[TASK DESCRIPTION] From the line containing "All Tides Pants" to the line containing "क्या खाना खाने के फौरन बाद पानी पीना चाहिए?" in the entries below, reproduce every line exactly, ends included. Nothing else belongs in the copy, and no pictures.

[RECORDS FOR THE EXERCISE]
━━━
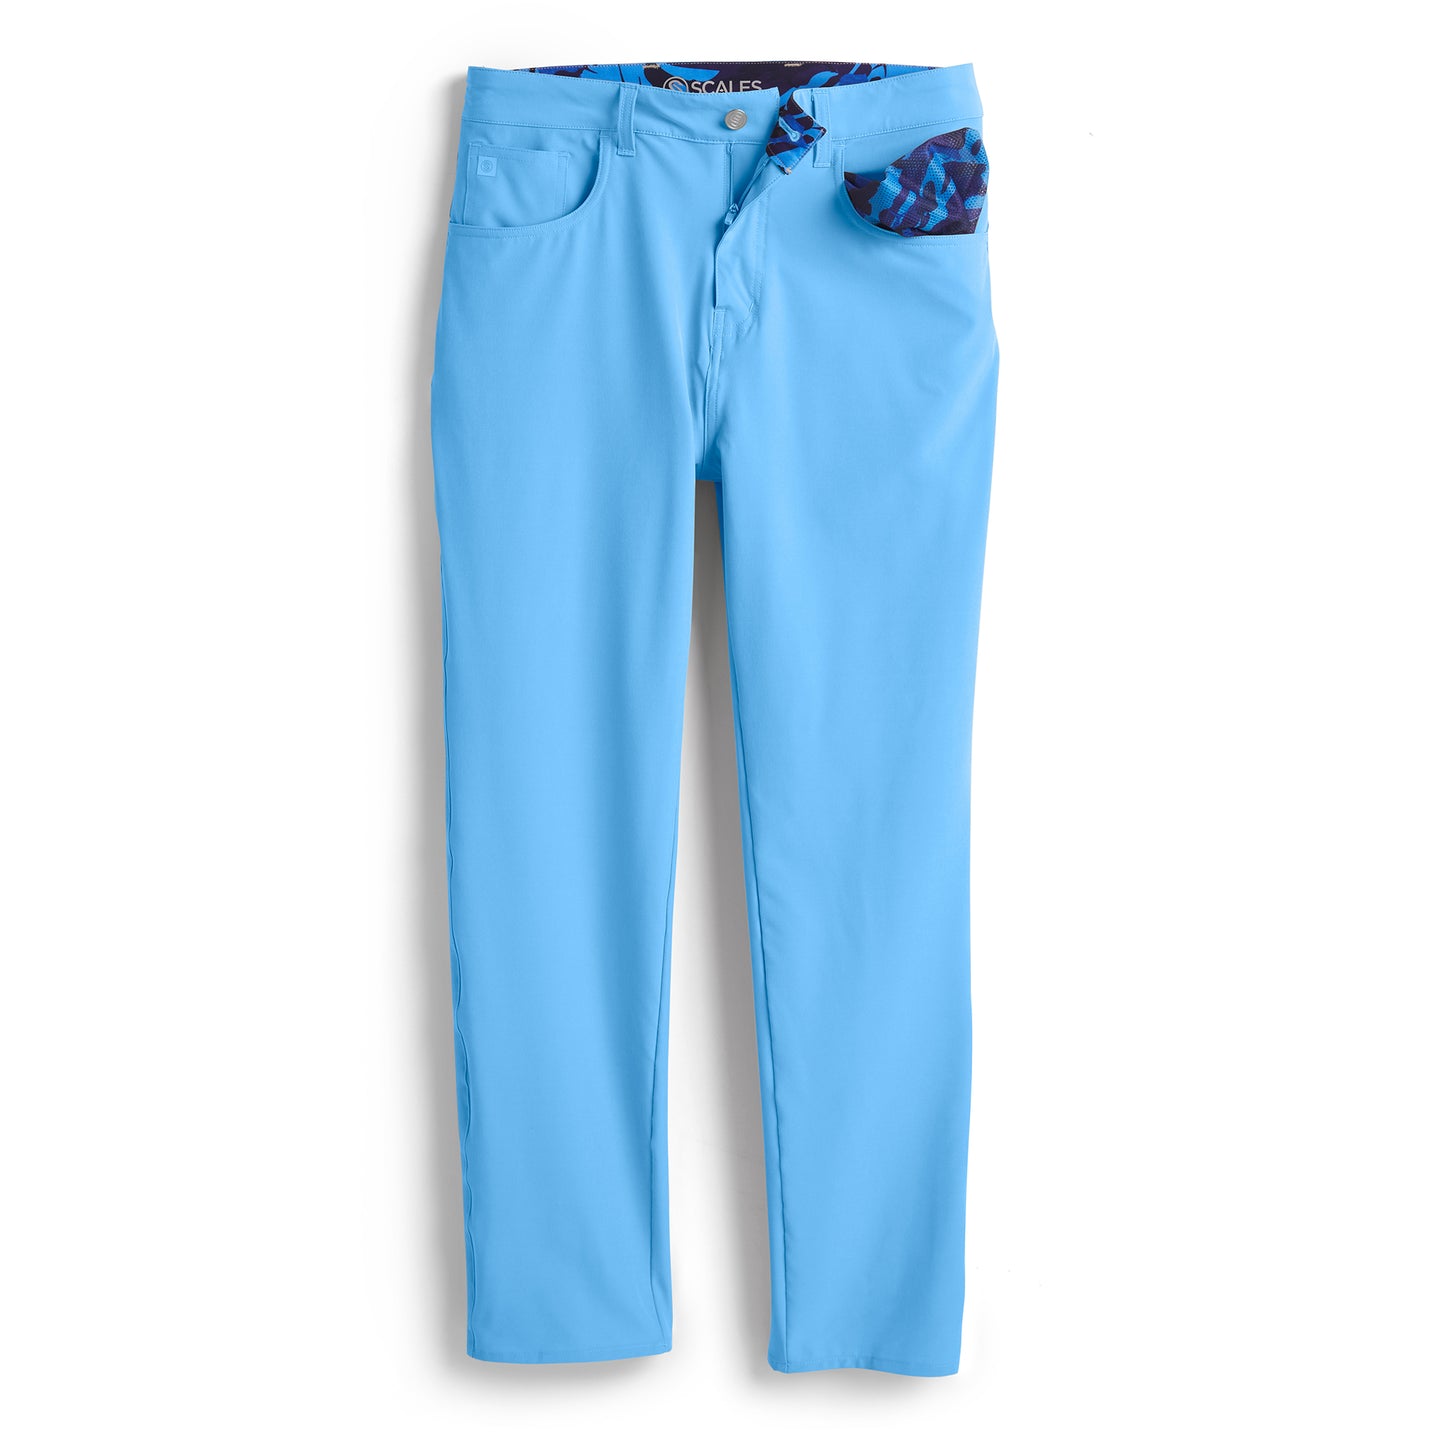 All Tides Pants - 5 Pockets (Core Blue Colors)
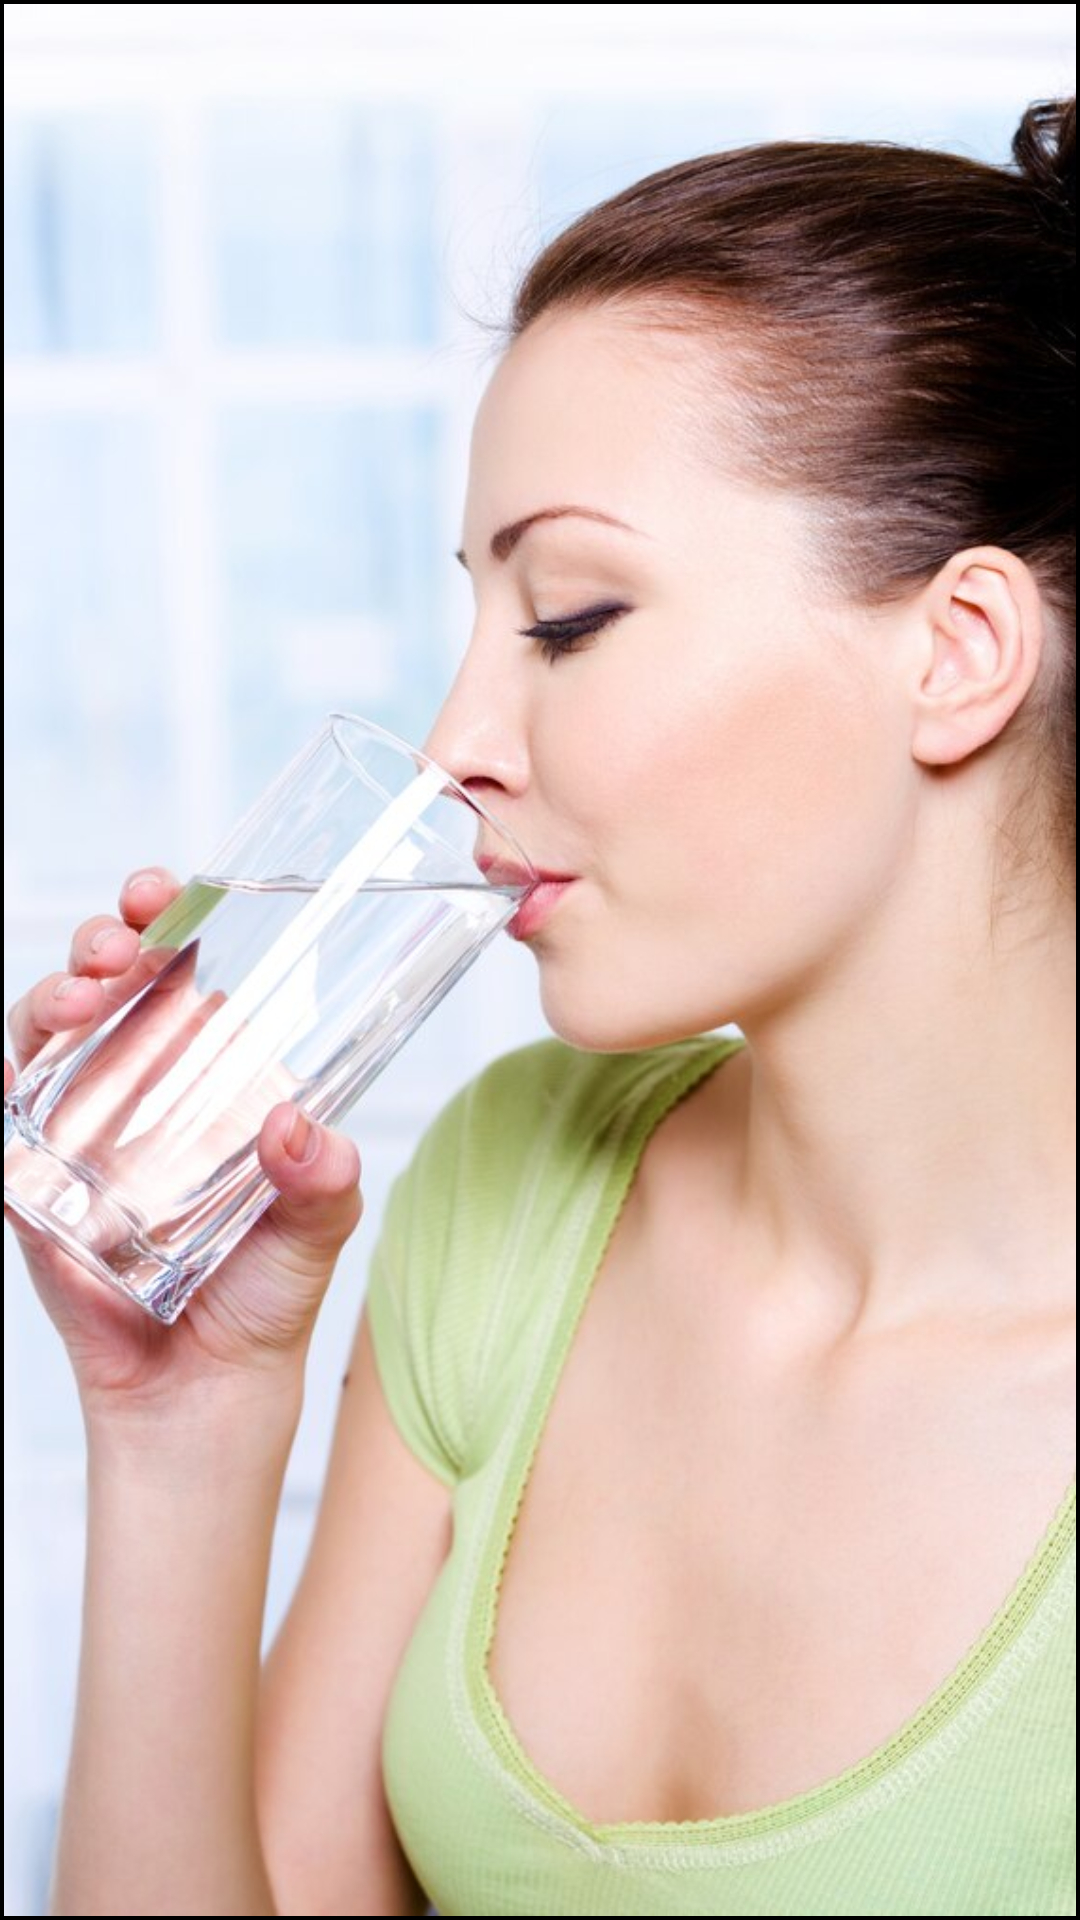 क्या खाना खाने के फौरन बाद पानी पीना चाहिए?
━━━
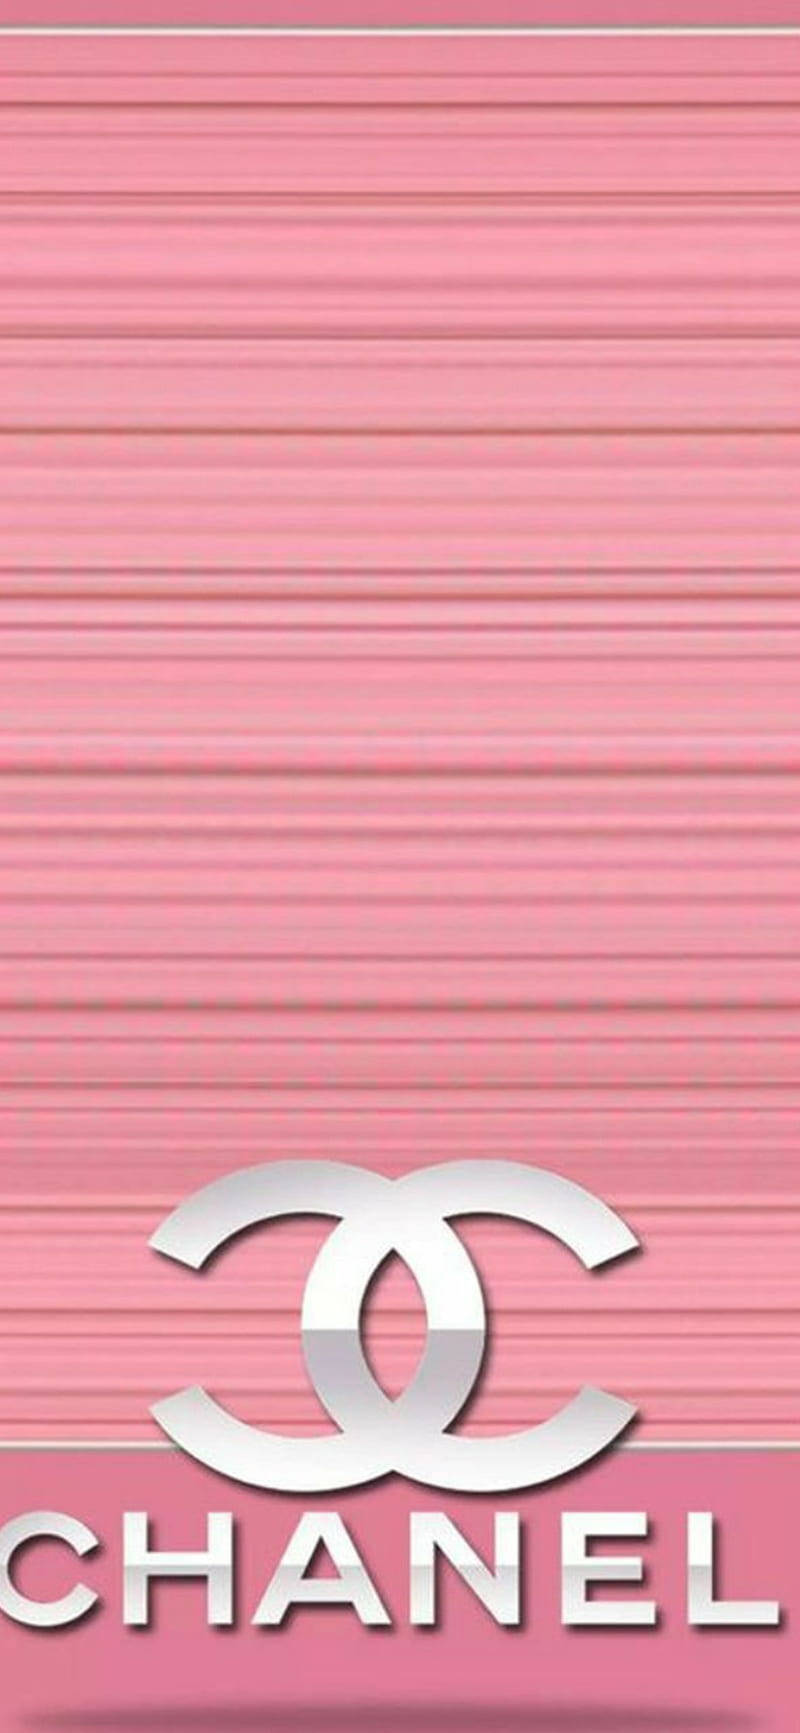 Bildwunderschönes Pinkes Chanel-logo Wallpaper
━━━
[RESULT OF THE TASK]
 All Tides Pants - 5 Pockets (Core Blue Colors)
 क्या खाना खाने के फौरन बाद पानी पीना चाहिए?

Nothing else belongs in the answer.